SUPPLIED MATERIAL START
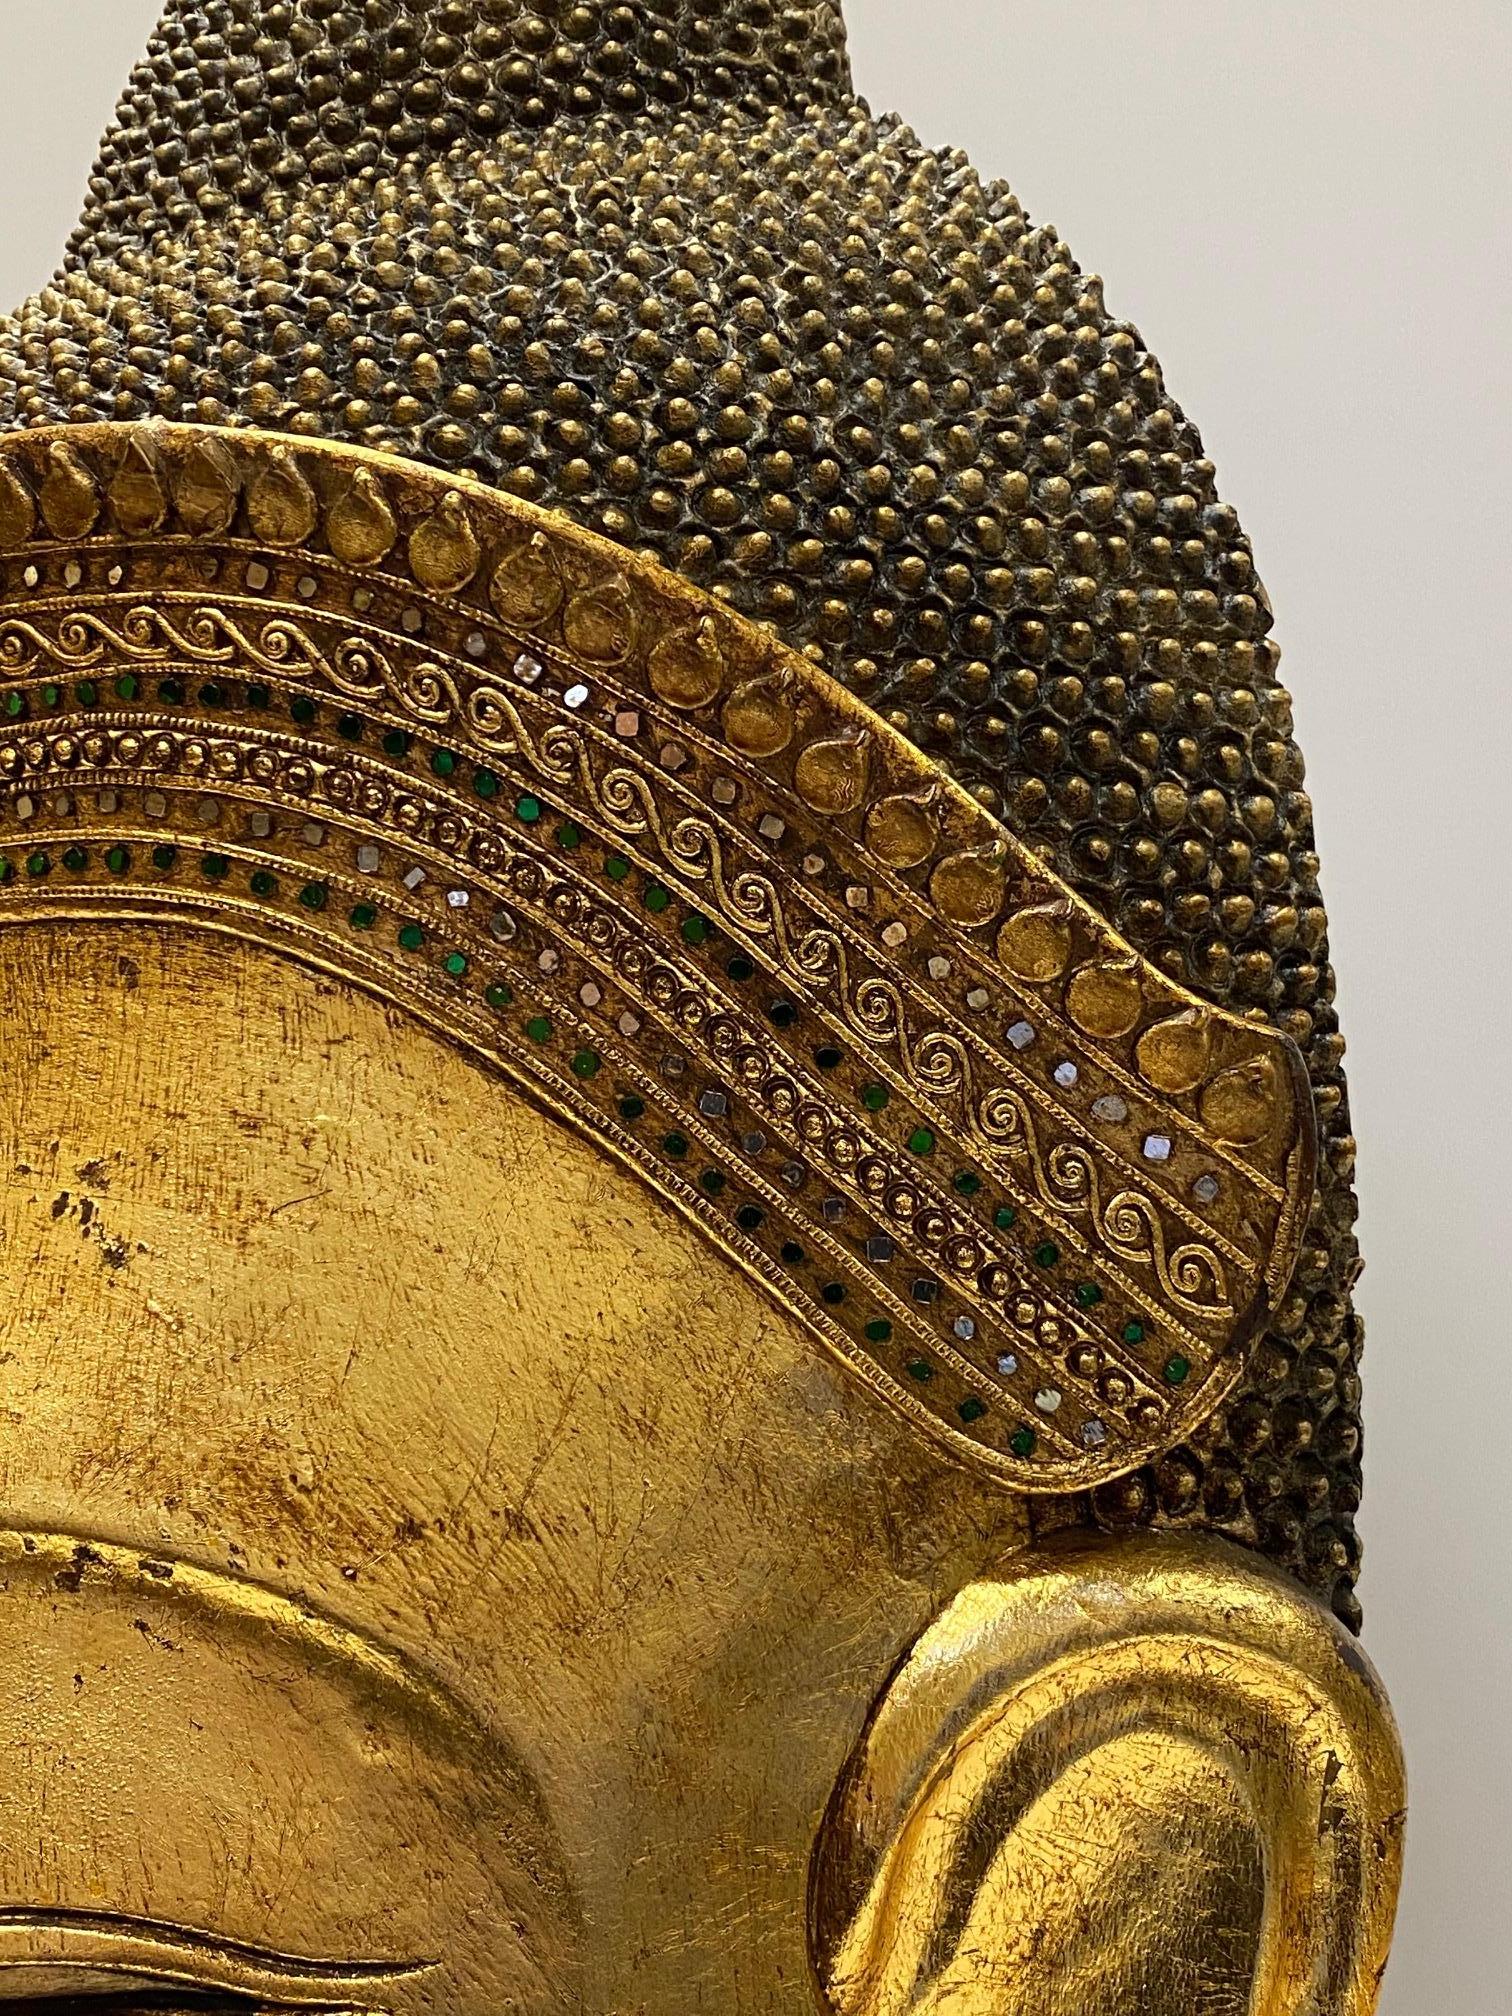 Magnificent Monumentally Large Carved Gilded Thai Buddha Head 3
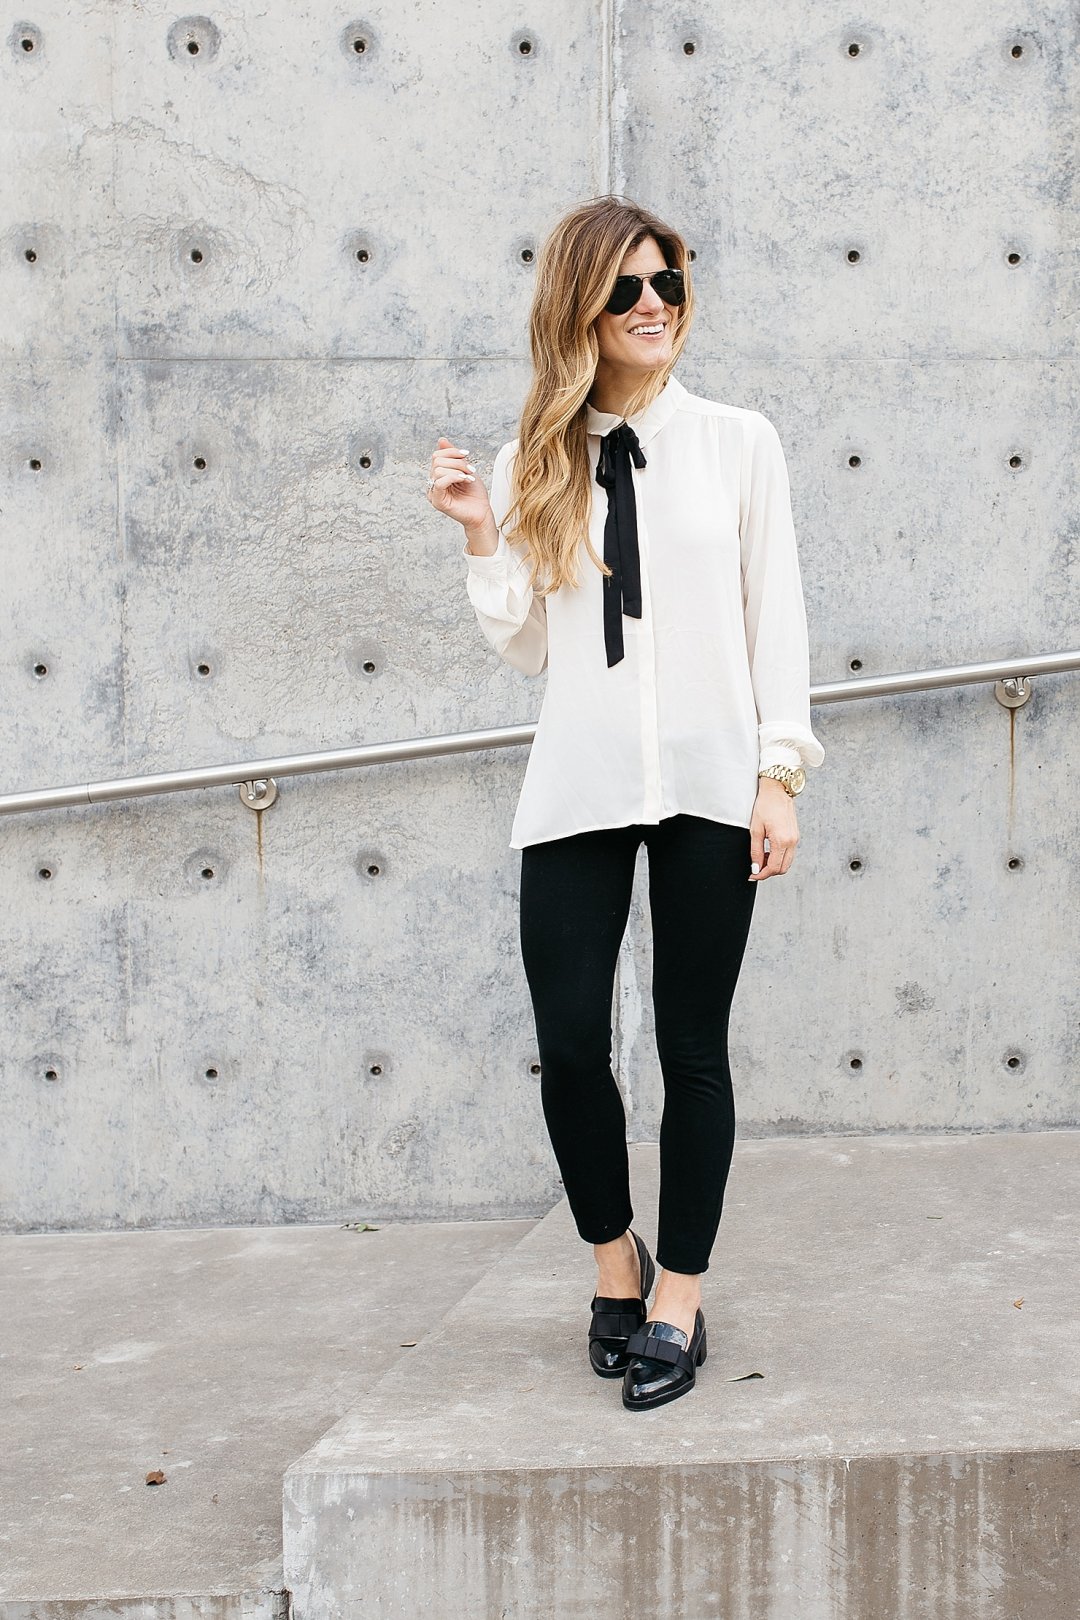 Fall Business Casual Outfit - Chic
SUPPLIED MATERIAL END
SUPPLIED MATERIAL START
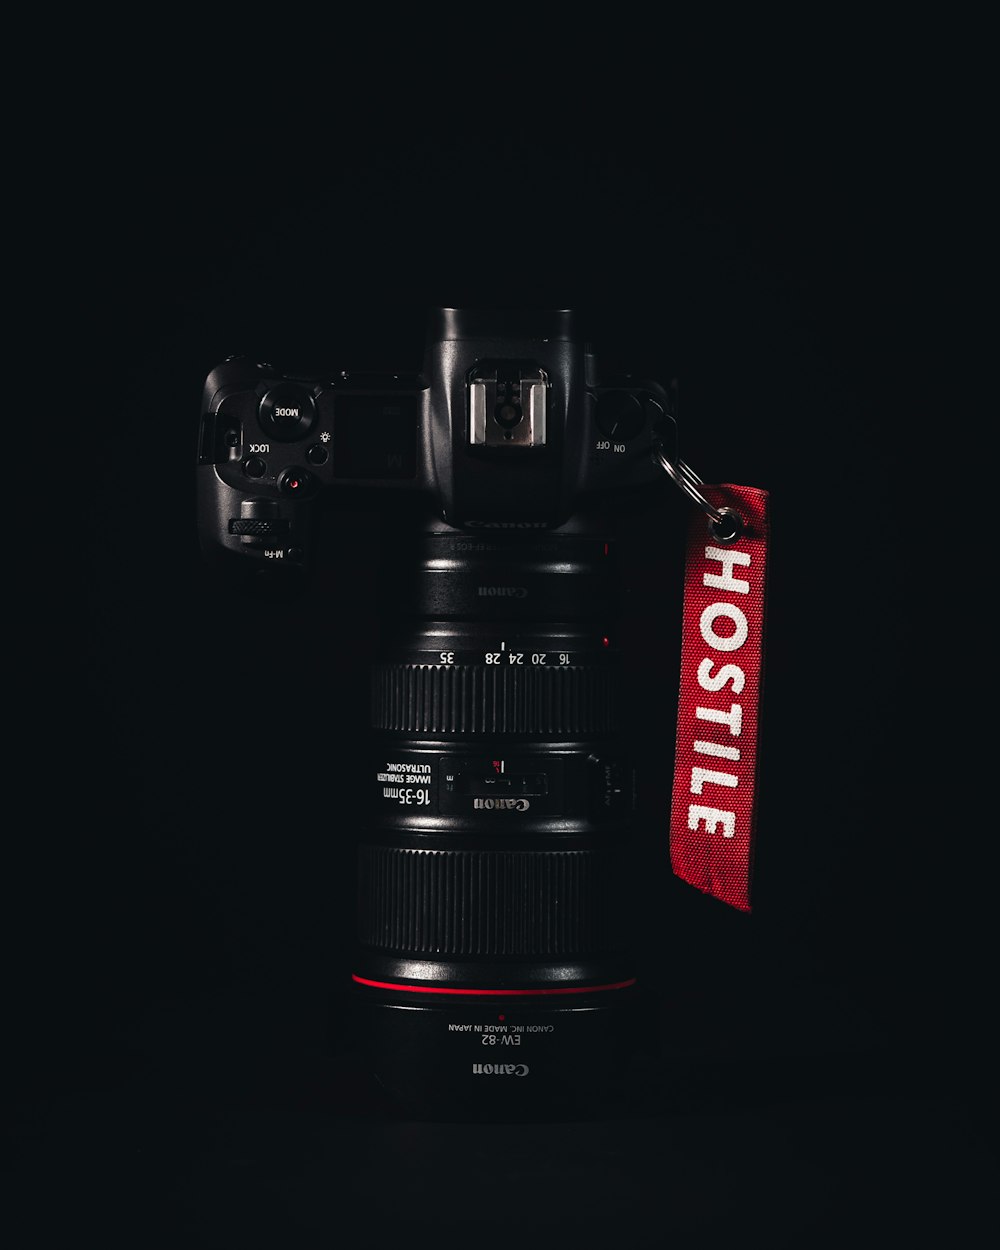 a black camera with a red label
SUPPLIED MATERIAL END
[WHAT IS EXPECTED]
In the listing above, find the line containing "Magnificent Monumentally Large" and the line containing "Fall Business Casual Outfit - Chic", then write out both of them and every line between, exactly, with no pictures.

[YOUR RESPONSE]
 Magnificent Monumentally Large Carved Gilded Thai Buddha Head 3
 Fall Business Casual Outfit - Chic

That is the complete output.